> **DATASET EXTRACT**:
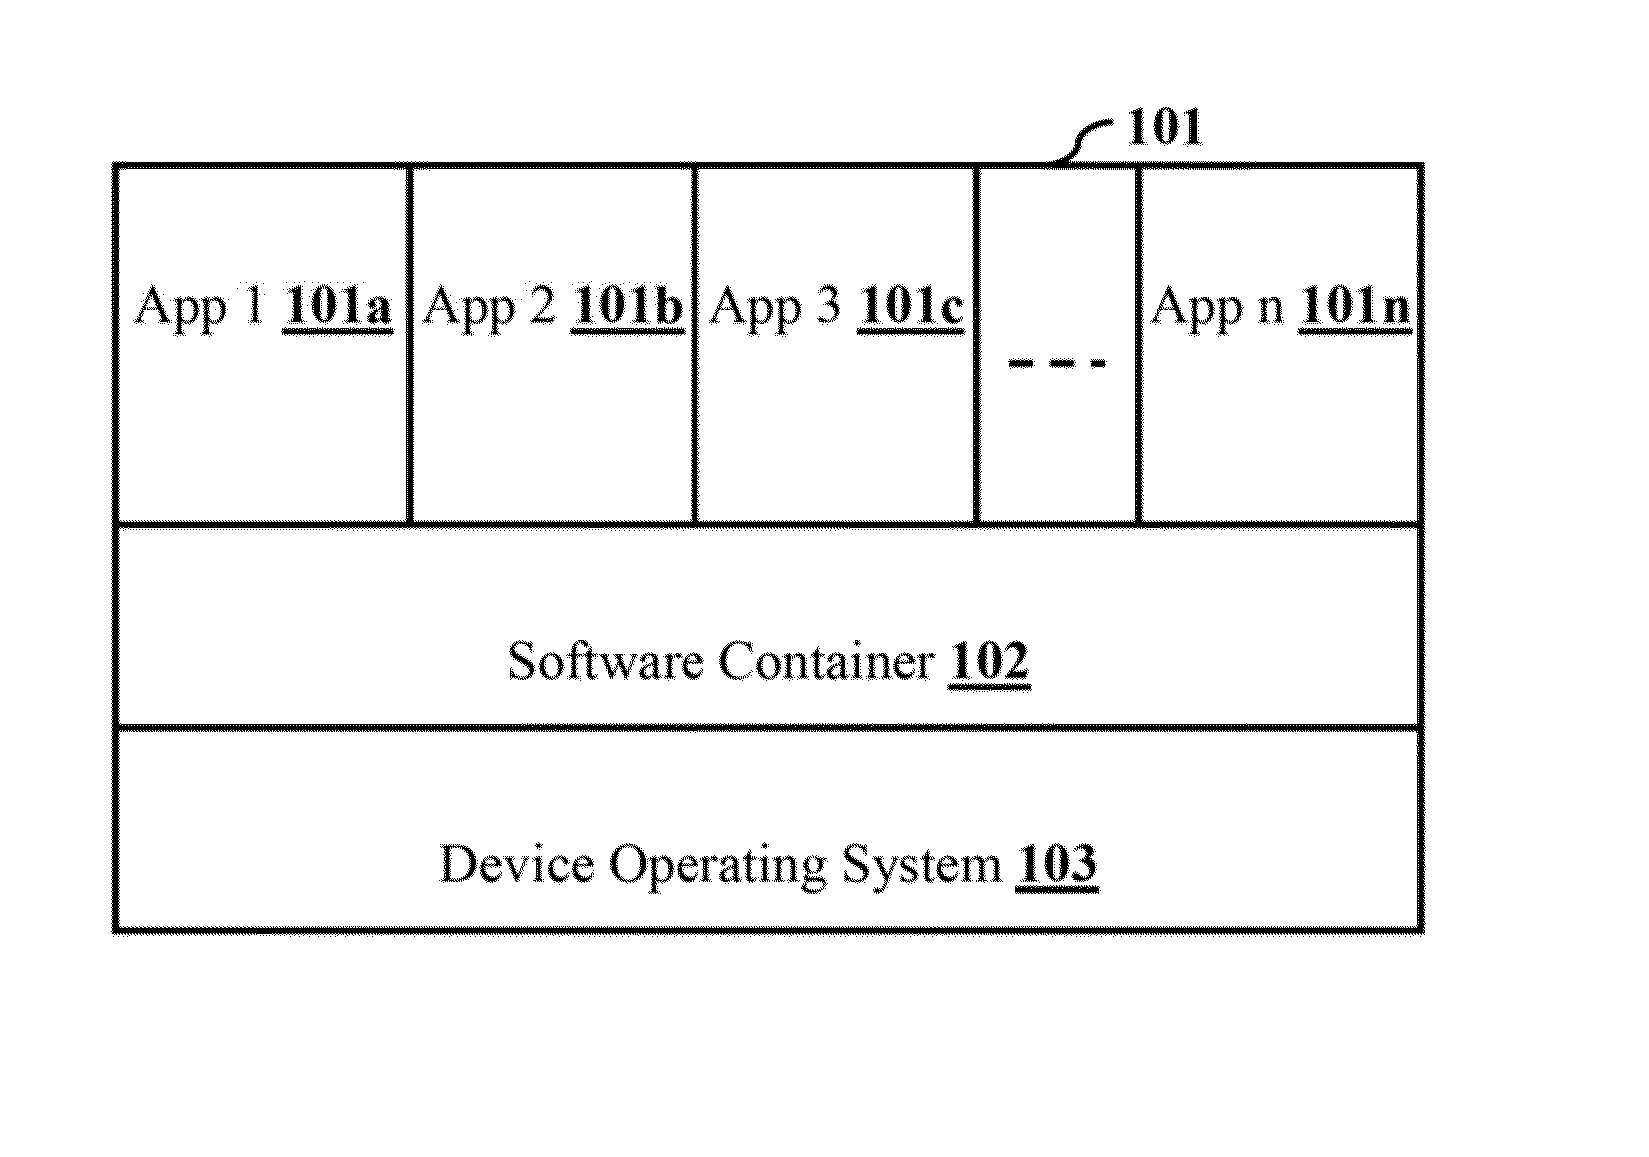 Method and system for hosting and running user configured dynamic applications through a software container on a computing device
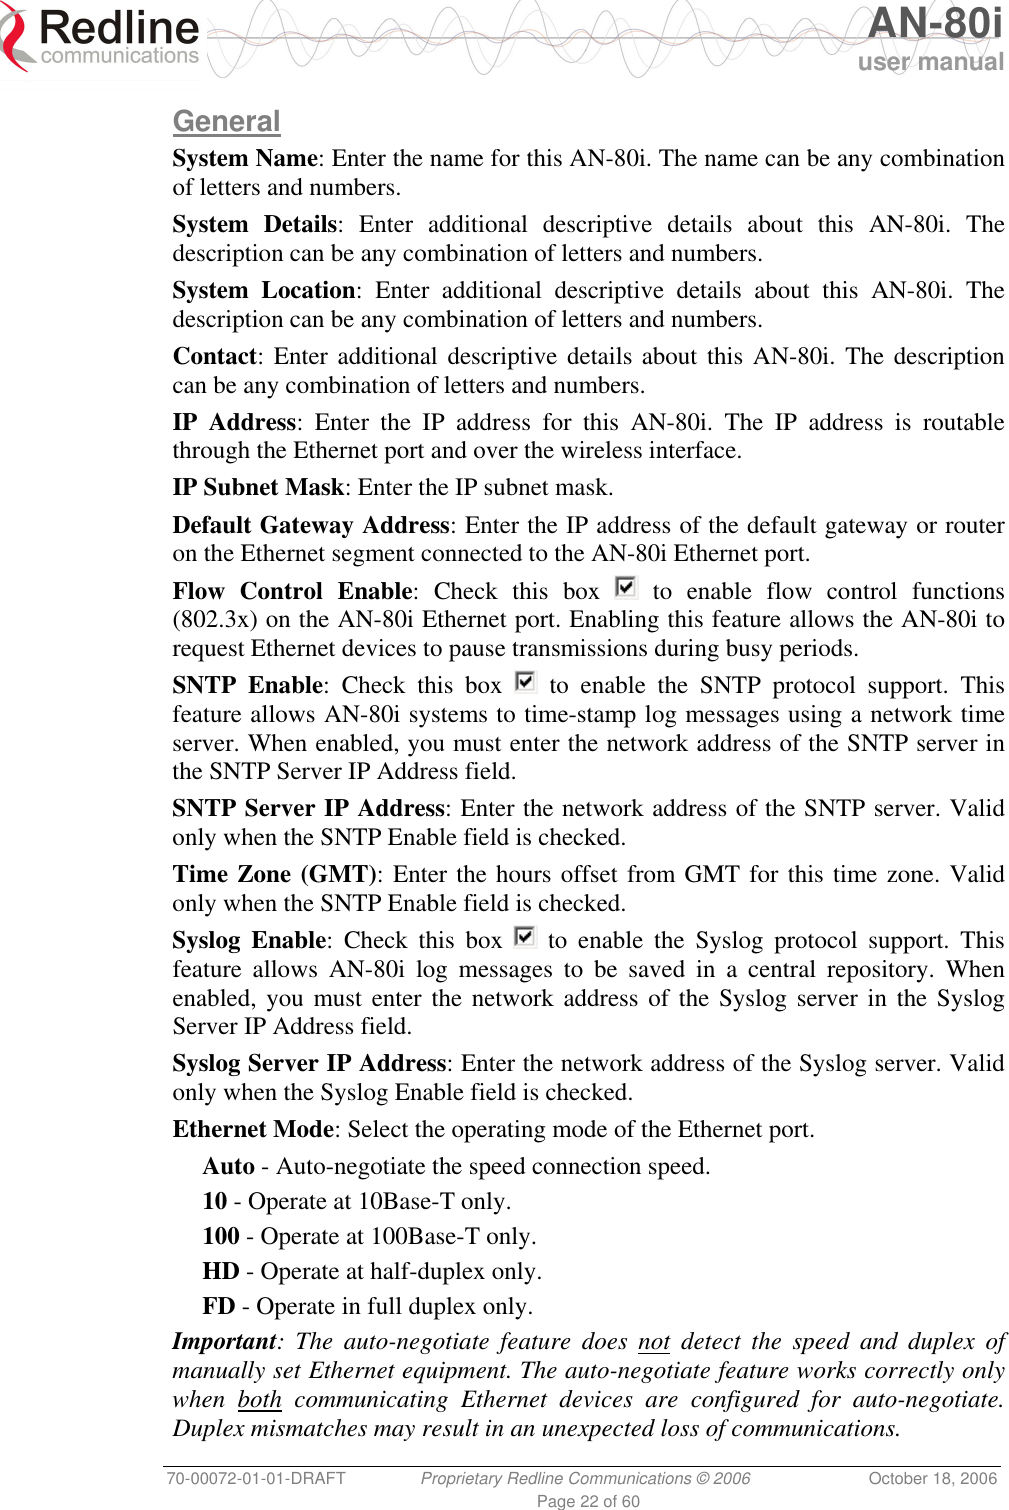   AN-80i user manual 70-00072-01-01-DRAFT  Proprietary Redline Communications © 2006  October 18, 2006 Page 22 of 60 General System Name: Enter the name for this AN-80i. The name can be any combination of letters and numbers. System Details: Enter additional descriptive details about this AN-80i. The description can be any combination of letters and numbers. System Location: Enter additional descriptive details about this AN-80i. The description can be any combination of letters and numbers. Contact: Enter additional descriptive details about this AN-80i. The description can be any combination of letters and numbers. IP Address: Enter the IP address for this AN-80i. The IP address is routable through the Ethernet port and over the wireless interface. IP Subnet Mask: Enter the IP subnet mask. Default Gateway Address: Enter the IP address of the default gateway or router on the Ethernet segment connected to the AN-80i Ethernet port. Flow Control Enable: Check this box   to enable flow control functions (802.3x) on the AN-80i Ethernet port. Enabling this feature allows the AN-80i to request Ethernet devices to pause transmissions during busy periods. SNTP Enable: Check this box   to enable the SNTP protocol support. This feature allows AN-80i systems to time-stamp log messages using a network time server. When enabled, you must enter the network address of the SNTP server in the SNTP Server IP Address field.  SNTP Server IP Address: Enter the network address of the SNTP server. Valid only when the SNTP Enable field is checked. Time Zone (GMT): Enter the hours offset from GMT for this time zone. Valid only when the SNTP Enable field is checked. Syslog Enable: Check this box   to enable the Syslog protocol support. This feature allows AN-80i log messages to be saved in a central repository. When enabled, you must enter the network address of the Syslog server in the Syslog Server IP Address field. Syslog Server IP Address: Enter the network address of the Syslog server. Valid only when the Syslog Enable field is checked. Ethernet Mode: Select the operating mode of the Ethernet port. Auto - Auto-negotiate the speed connection speed. 10 - Operate at 10Base-T only. 100 - Operate at 100Base-T only. HD - Operate at half-duplex only. FD - Operate in full duplex only. Important: The auto-negotiate feature does not detect the speed and duplex of manually set Ethernet equipment. The auto-negotiate feature works correctly only when both communicating Ethernet devices are configured for auto-negotiate. Duplex mismatches may result in an unexpected loss of communications. 
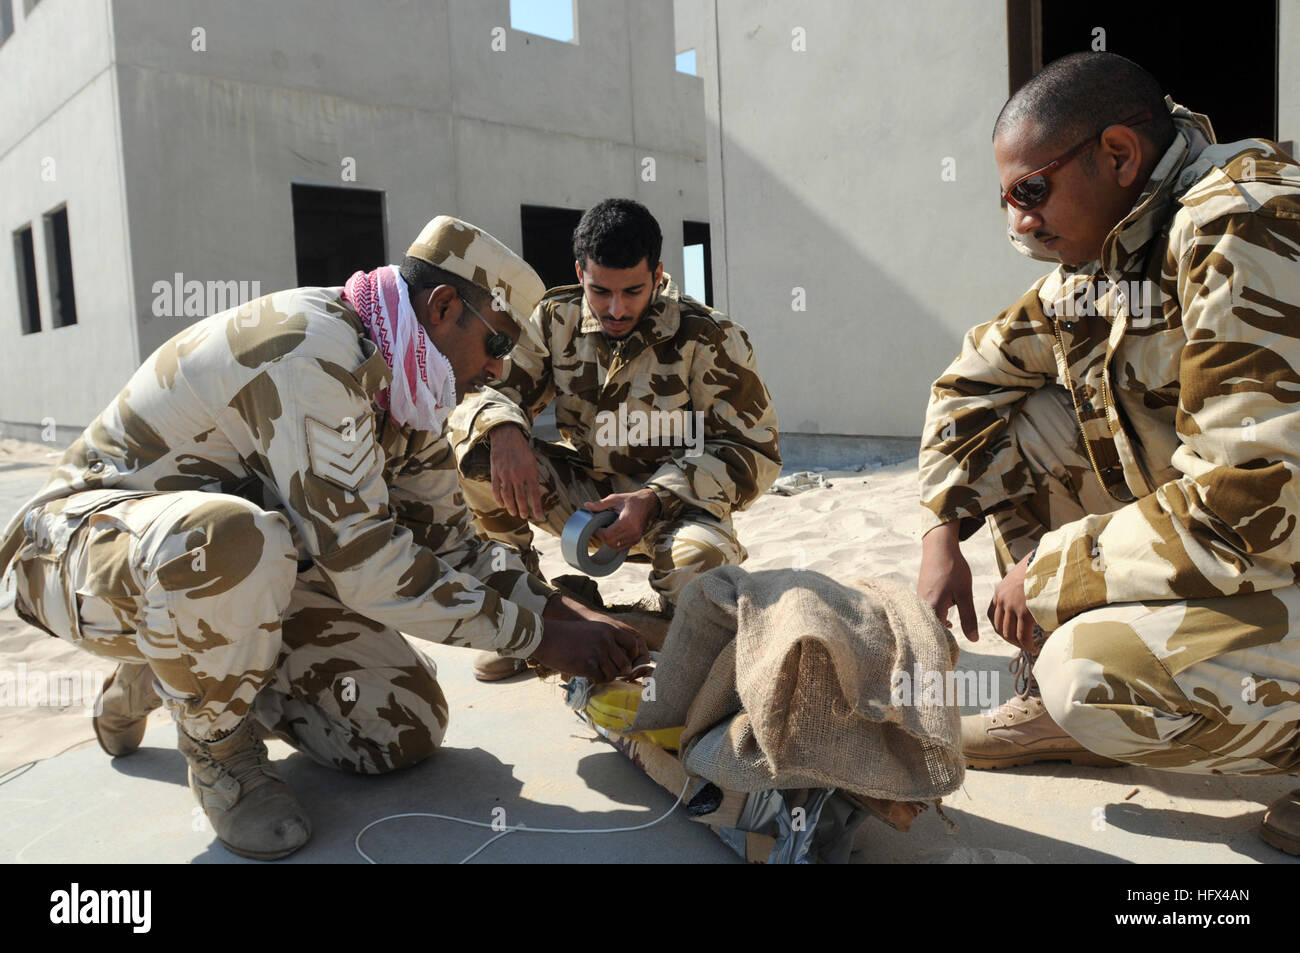 090115-N-8730P-006 BAHRAIN (Jan. 15, 2009) Bahrain Royal Field Engineers examine a simulated improvised explosive device (IED) as part of a bomb disposal training scenario given by Explosive Ordnance Disposal Mobile Unit (EODMU) 2 at a Bahraini military training range during Neon Response 2009. Neon Response is a bilateral explosive ordnance disposal (EOD) engagement between the U.S. Navy, Royal Bahrain Navy and Bahrain Defense Force Engineer Regiment EOD Forces. (U.S. Navy photo by Mass Communication Specialist 2nd Class Charles Panter/Released) US Navy 090115-N-8730P-006 Bahrain Royal Field  Stock Photo
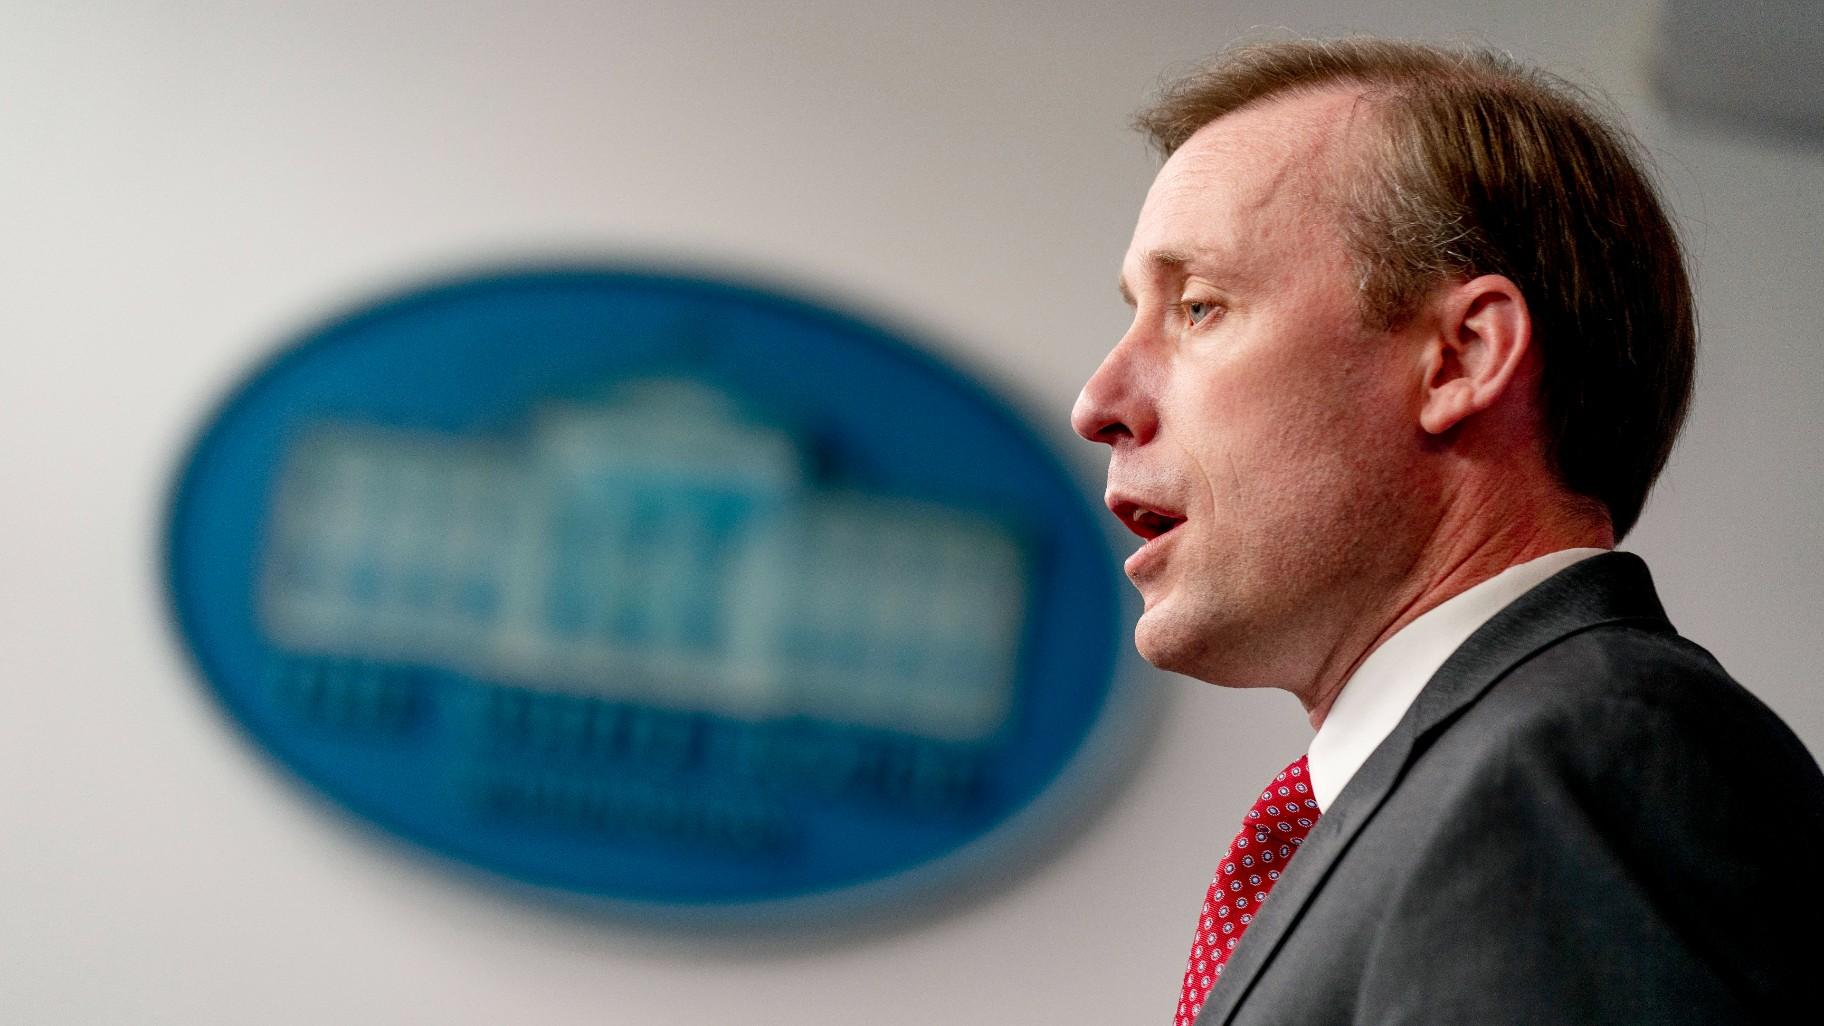 White House national security adviser Jake Sullivan gives an update about the ongoing talks with Russia at a press briefing at the White House in Washington, Thursday, Jan. 13, 2022. (AP Photo / Andrew Harnik)

> **TASK BRIEF**:
Please repeat the lines that run from the one holding "090115-N-8730P-006 BAHRAIN (Jan." to the last line of the material, both included, exactly and without pictures.

> **WRITTEN ANSWER**:
 090115-N-8730P-006 BAHRAIN (Jan. 15, 2009) Bahrain Royal Field Engineers examine a simulated improvised explosive device (IED) as part of a bomb disposal training scenario given by Explosive Ordnance Disposal Mobile Unit (EODMU) 2 at a Bahraini military training range during Neon Response 2009. Neon Response is a bilateral explosive ordnance disposal (EOD) engagement between the U.S. Navy, Royal Bahrain Navy and Bahrain Defense Force Engineer Regiment EOD Forces. (U.S. Navy photo by Mass Communication Specialist 2nd Class Charles Panter/Released) US Navy 090115-N-8730P-006 Bahrain Royal Field  Stock Photo
 White House national security adviser Jake Sullivan gives an update about the ongoing talks with Russia at a press briefing at the White House in Washington, Thursday, Jan. 13, 2022. (AP Photo / Andrew Harnik)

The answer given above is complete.